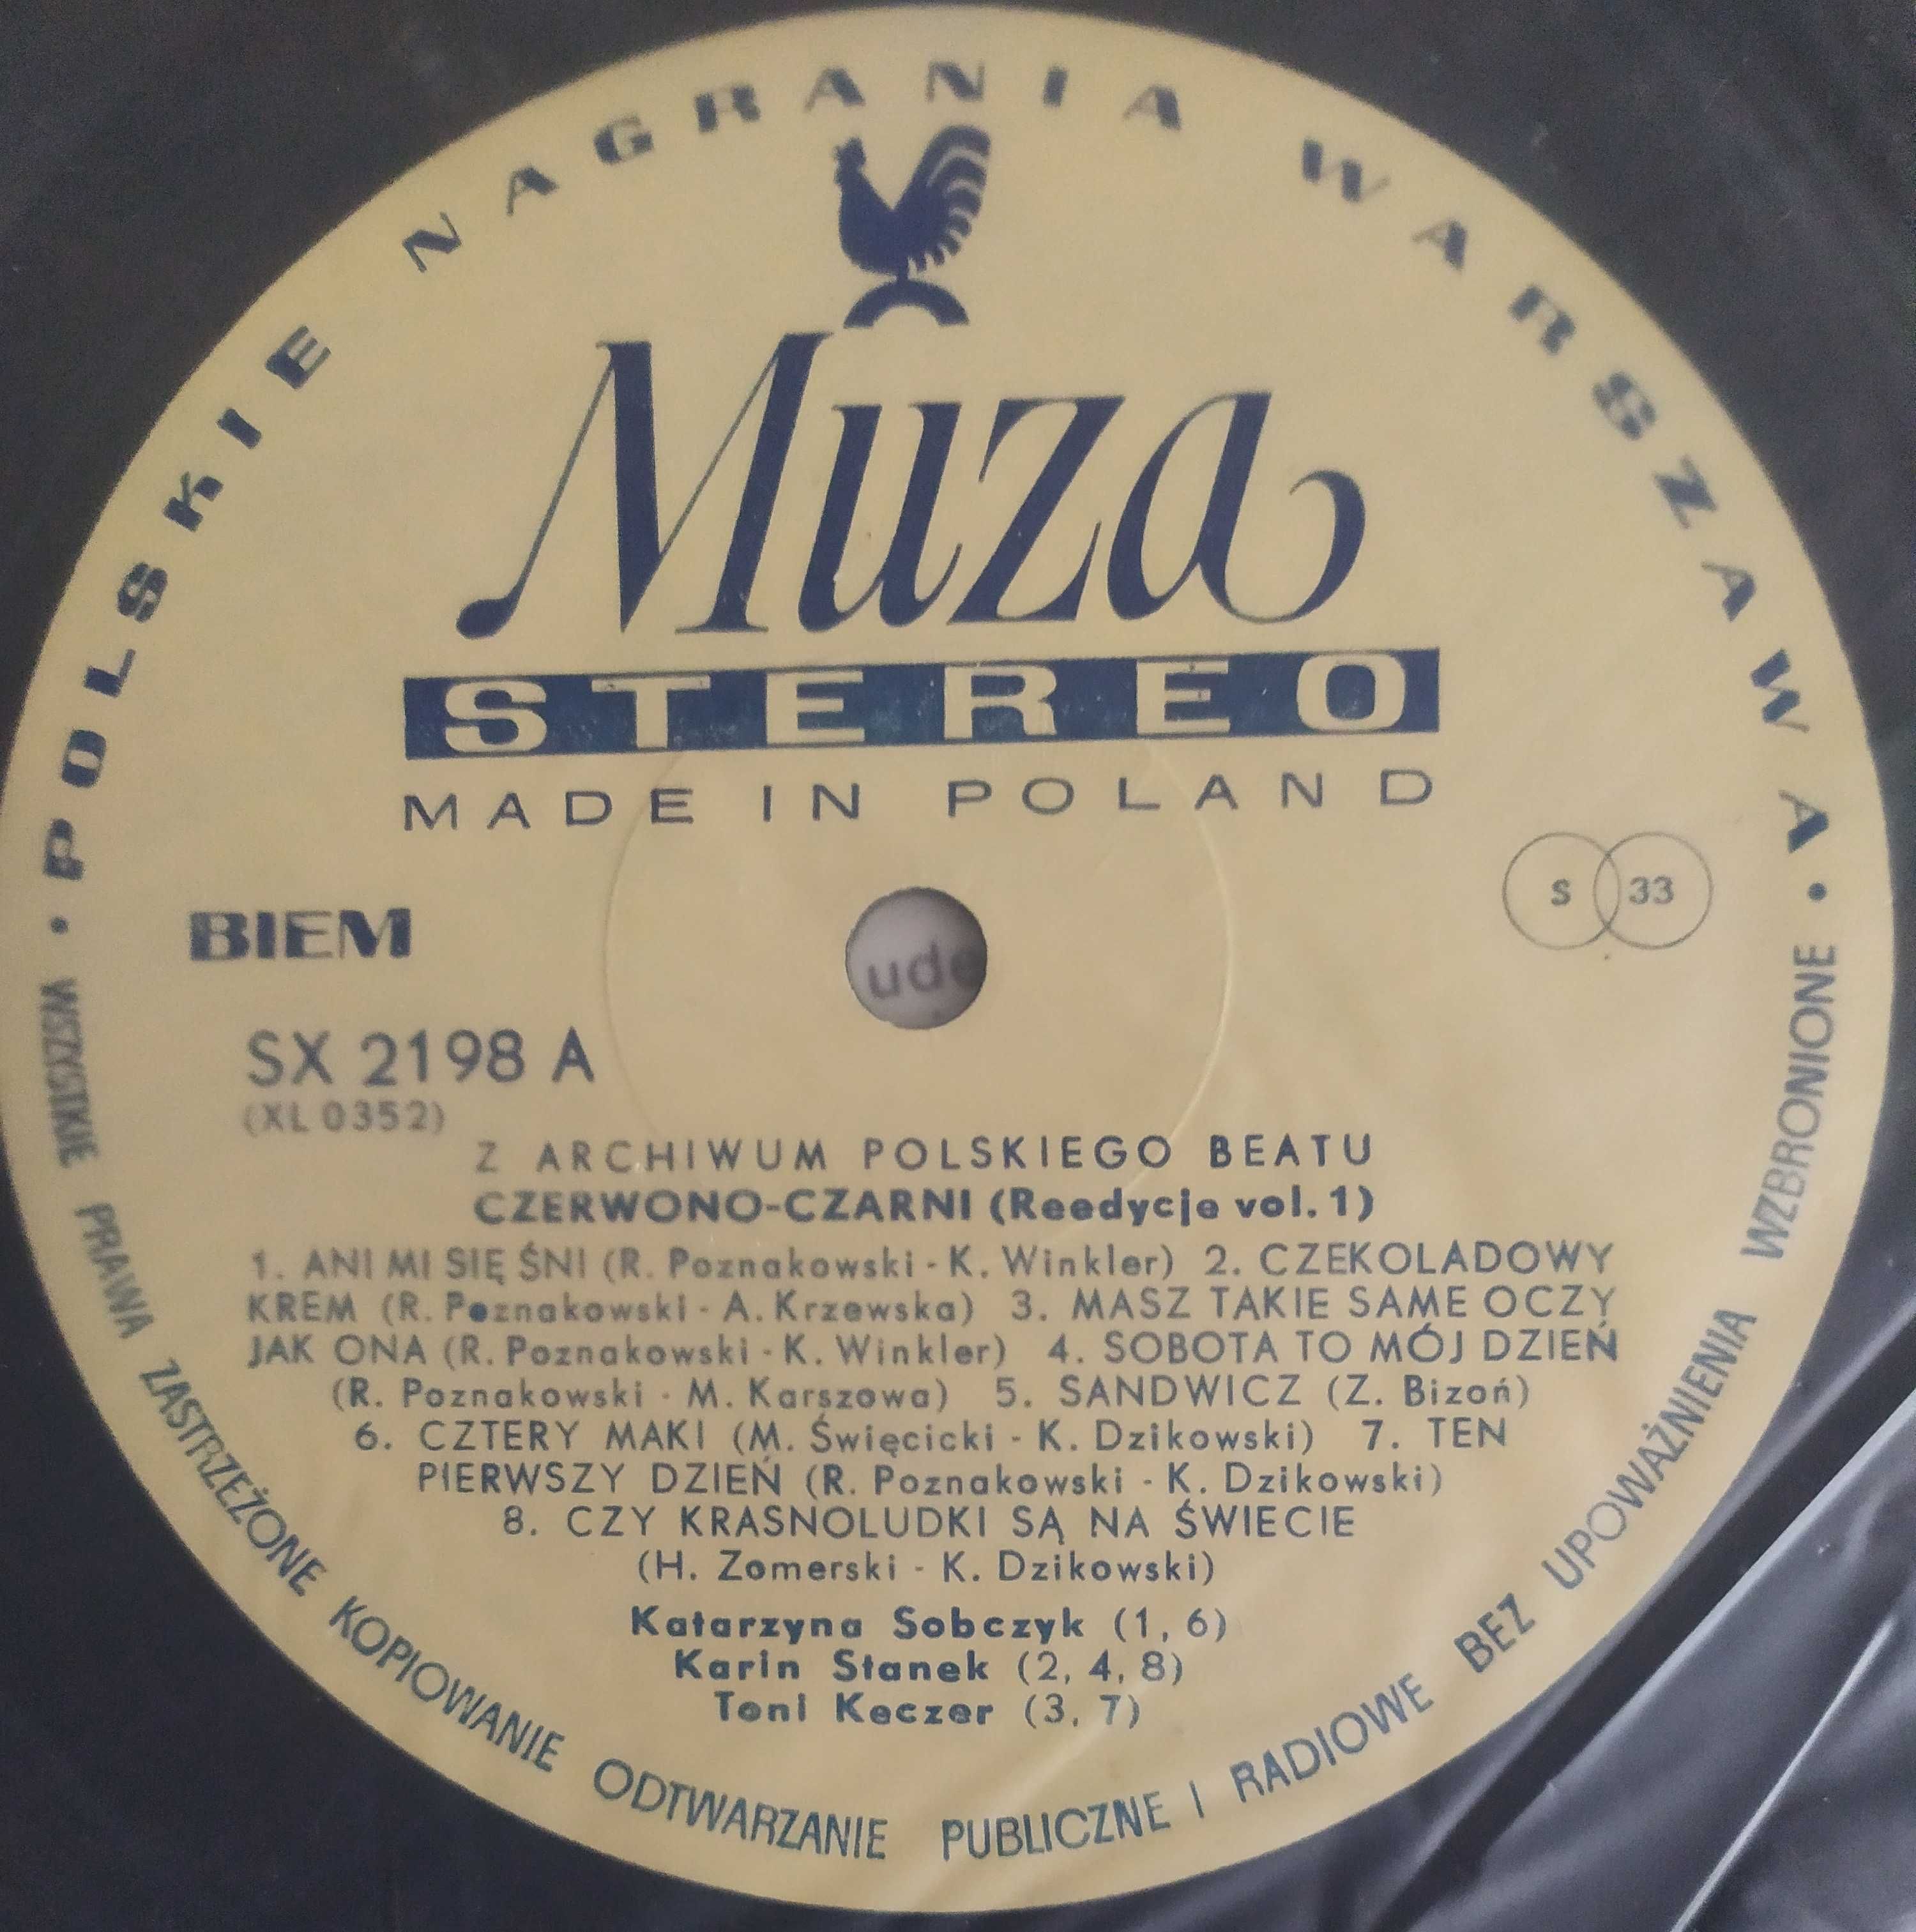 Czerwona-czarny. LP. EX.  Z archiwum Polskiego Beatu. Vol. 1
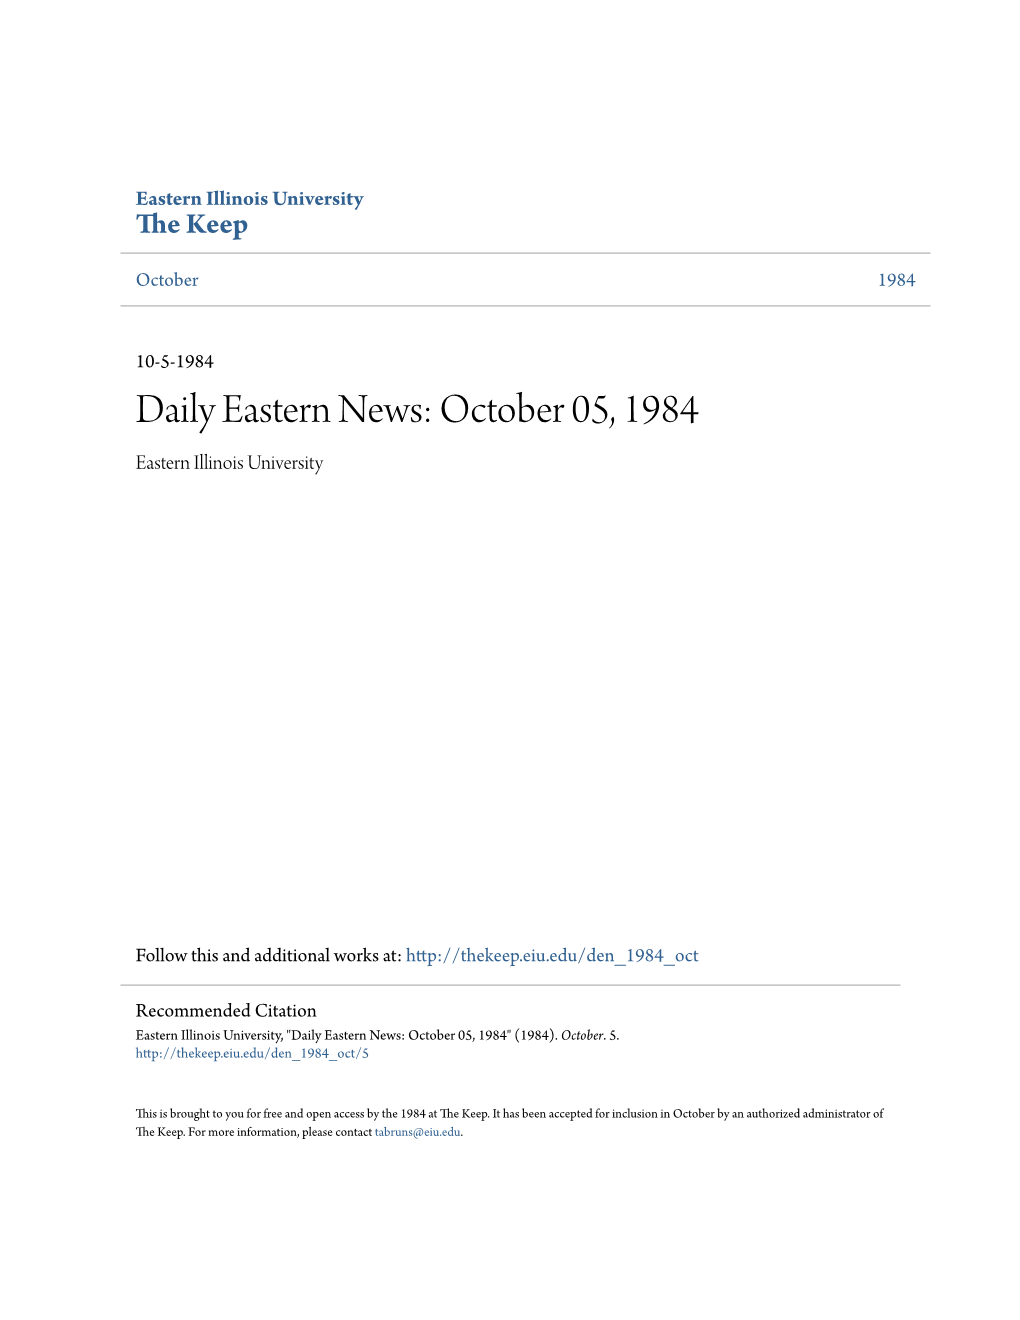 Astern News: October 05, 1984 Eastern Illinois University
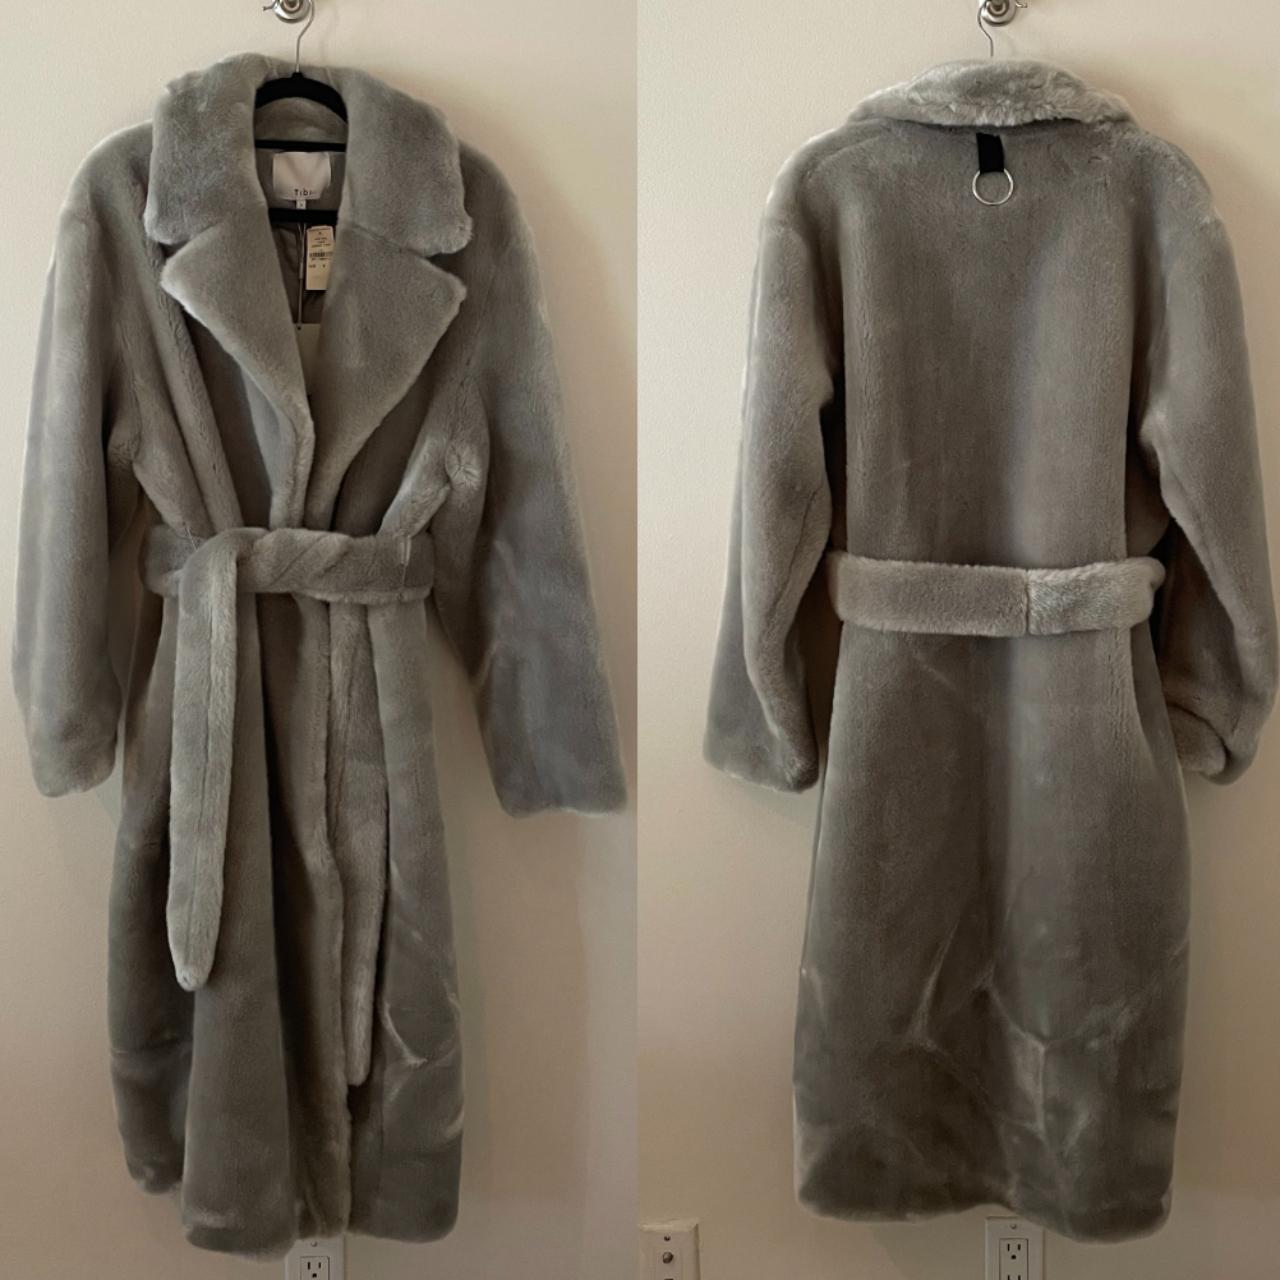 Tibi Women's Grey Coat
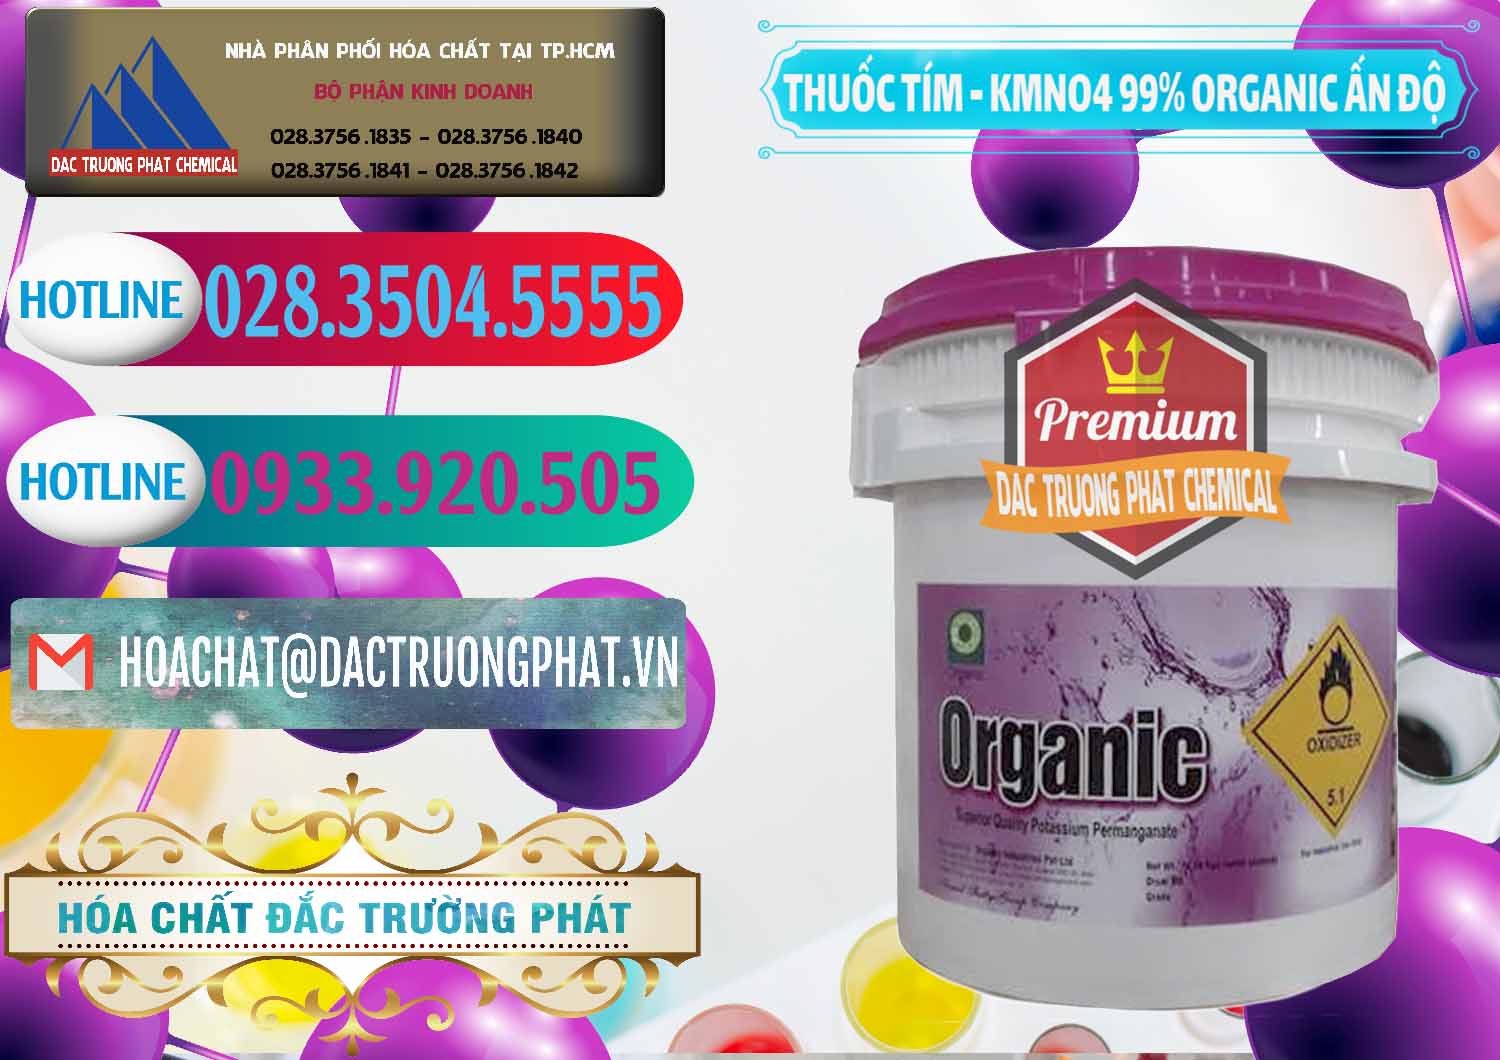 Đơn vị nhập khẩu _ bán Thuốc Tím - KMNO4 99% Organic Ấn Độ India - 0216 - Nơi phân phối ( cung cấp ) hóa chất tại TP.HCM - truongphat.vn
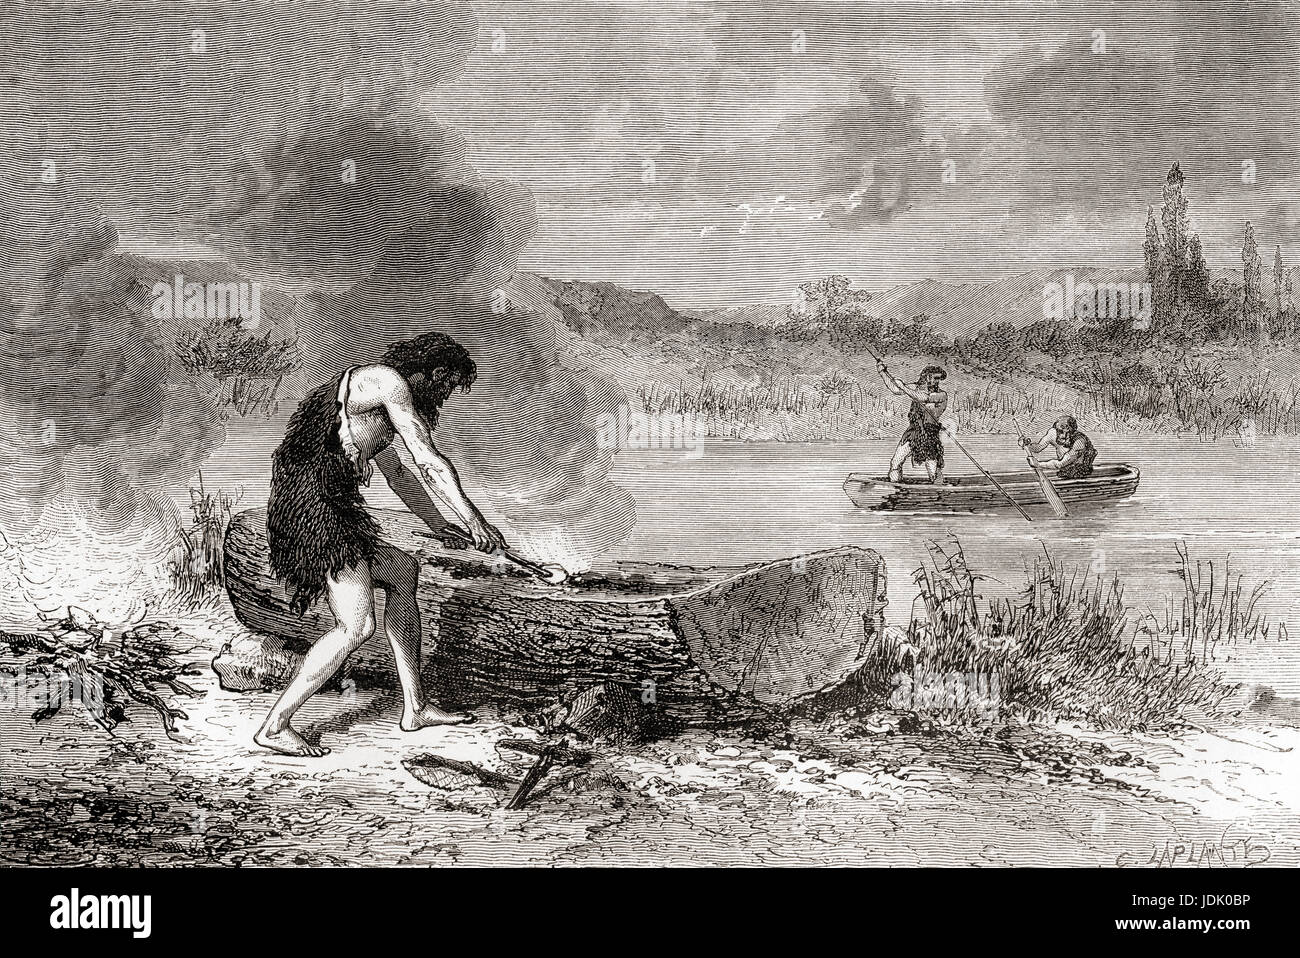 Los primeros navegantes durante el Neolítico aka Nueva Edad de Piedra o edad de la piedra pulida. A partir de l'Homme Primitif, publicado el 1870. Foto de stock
####
Problem statement: The copy has to start at the line that contains "Tibi Women's Grey Coat" and end at the last line of the material above, matching the original exactly and holding no pictures.

Finished task:
 Tibi Women's Grey Coat
 Đơn vị nhập khẩu _ bán Thuốc Tím - KMNO4 99% Organic Ấn Độ India - 0216 - Nơi phân phối ( cung cấp ) hóa chất tại TP.HCM - truongphat.vn
 Los primeros navegantes durante el Neolítico aka Nueva Edad de Piedra o edad de la piedra pulida. A partir de l'Homme Primitif, publicado el 1870. Foto de stock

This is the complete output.